WASHINGTON (Reuters) - A New York Times reporter has escaped from his Taliban captors after being held for seven months in the mountains of Afghanistan and Pakistan, the newspaper reported on its website on Saturday.

U.S.

David Rohde, together with a local reporter, Tahir Ludin, and their driver, Asadullah Mangal, were abducted on November 10 outside Kabul.

The newspaper, quoting Rohde's wife Kristen Mulvihill, said Rohde and Ludin late Friday climbed over a wall of the compound where they were being held in North Waziristan in Pakistan.
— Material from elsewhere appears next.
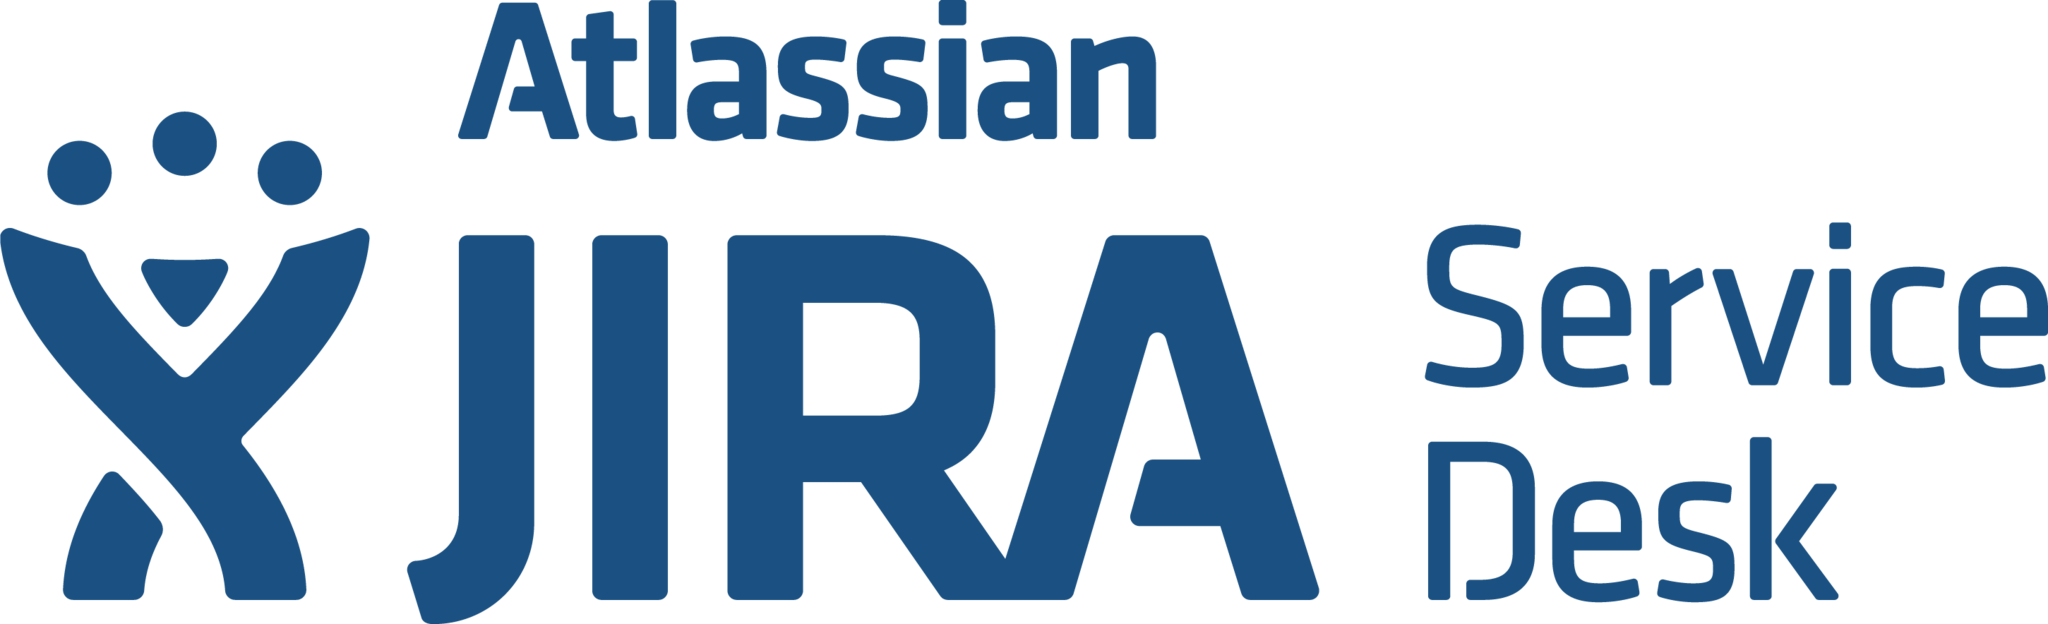 Https atlassian net. Atlassian Jira. Jira logo. Продукты Atlassian. Atlassian Jira logo.

Mangal did not escape with them, it said.

The two men found a Pakistani army scout who took them to an army base and on Saturday they were flown to the U.S. Bagram military base in Afghanistan, it said.

In a statement, U.S. Secretary of State Hillary Clinton said she was pleased that Rohde's ordeal had ended. "I would like to thank the governments of Pakistan and Afghanistan for their assistance in ensuring his safe return," she said without elaborating.

New York Times executive editor Bill Keller said the newspaper had kept quiet about the kidnapping in order to avoid increasing the danger to the men. He declined to discuss efforts to win their release but said no ransom was paid and no Taliban or other prisoners were released, the paper said.

Rhode, 41, had been in Afghanistan working on a book.